Extract

This book sets out with a seemingly impossible task: to trace the various rational explanations for the existence and effectiveness of nuclear deterrence. While doing so, Jean-Pierre Dupuy, Professor Emeritus of Social and Political Philosophy at the École Polytechnique in Paris and Professor in the Program in Science, Technology, and Society at Stanford University, comes to a sobering conclusion: It might be theoretically “possible to regard nuclear deterrence as being both effective and rational. But this cannot hide the fact that, morally, it is an abomination” (p. 154).

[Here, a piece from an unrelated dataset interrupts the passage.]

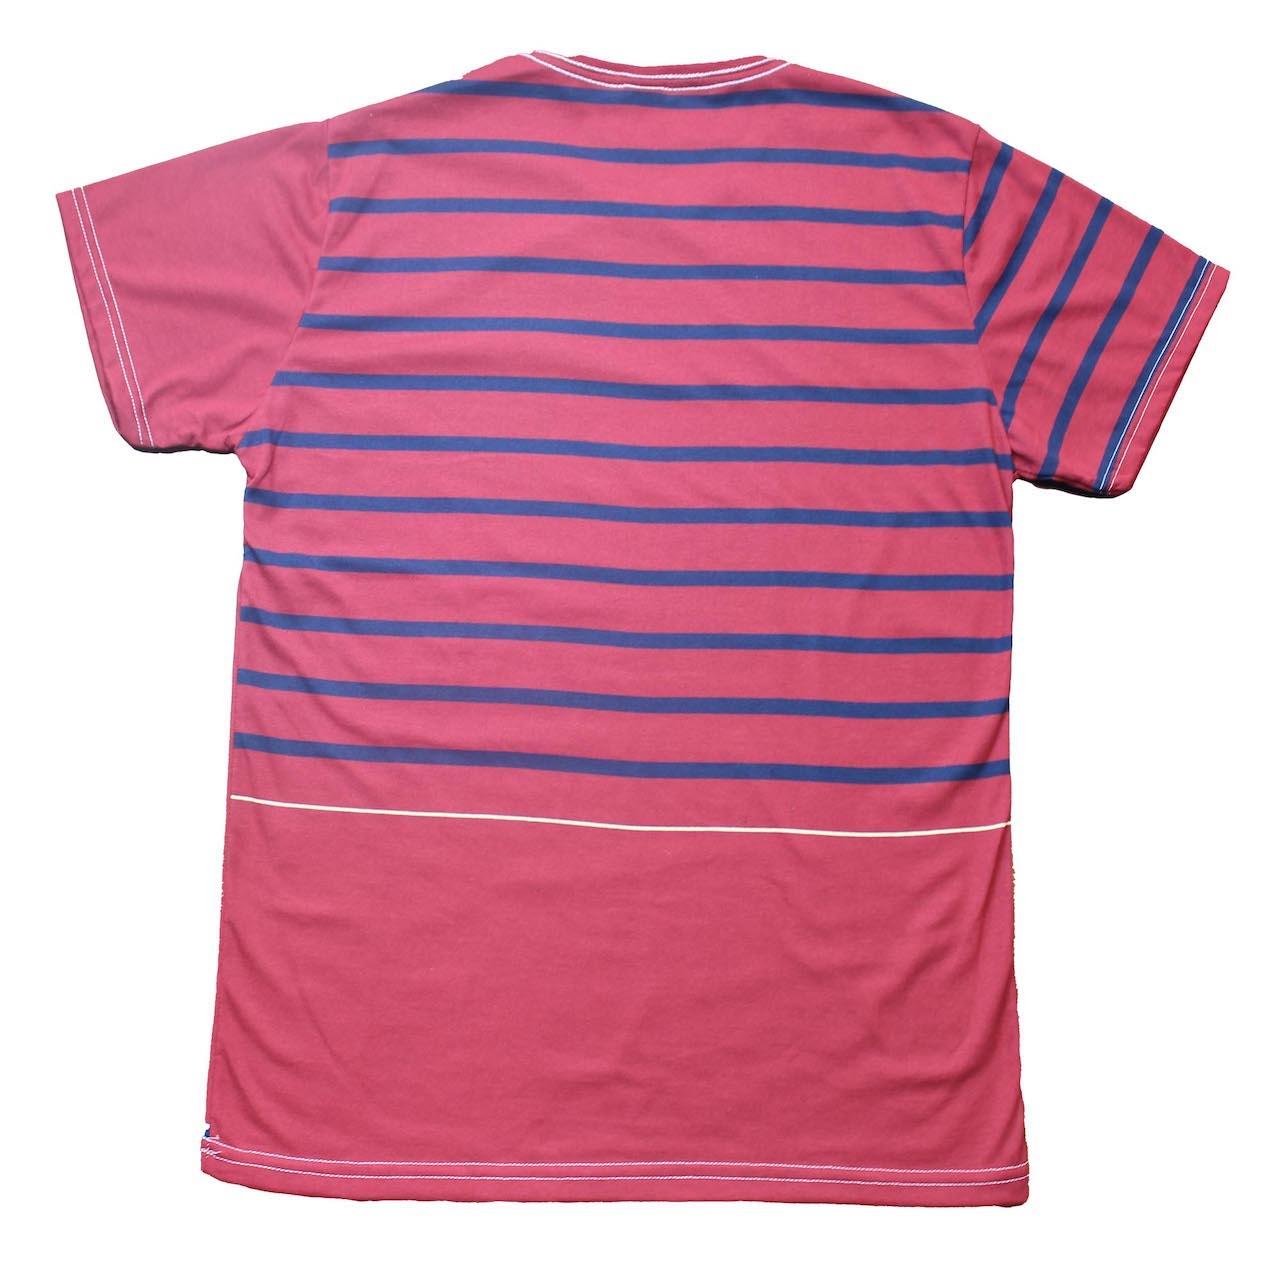 Camiseta Gola V Estampada Masculina - Tamanho G

The War That Must Not Occur sets out with a common claim in the research on nuclear deterrence: Nuclear deterrence works because nuclear war has been prevented. This claim, however, poses a genuine philosophical two-part puzzle relevant to international relations: First, there is the “lack of empirical evidence.” Second, and related, it lacks the “corresponding need to resort to a priori reasoning” (p. 5). Nuclear war is a war that must not occur, but for that, it is necessary to acknowledge that it can occur. It can occur, perhaps most importantly and overlooked by international relations theories, because of peoples’ mistaken view that they are in control and that violence obeys their will. Dupuy, however, sets out to prove the very opposite of assumptions that nuclear strategy works in an environment that assumes at least two agents freely interacting. The violence that nuclear war has the power to unleash is neither controllable nor neutral, no matter the intentions of those who seek to control it by way of nuclear deterrence.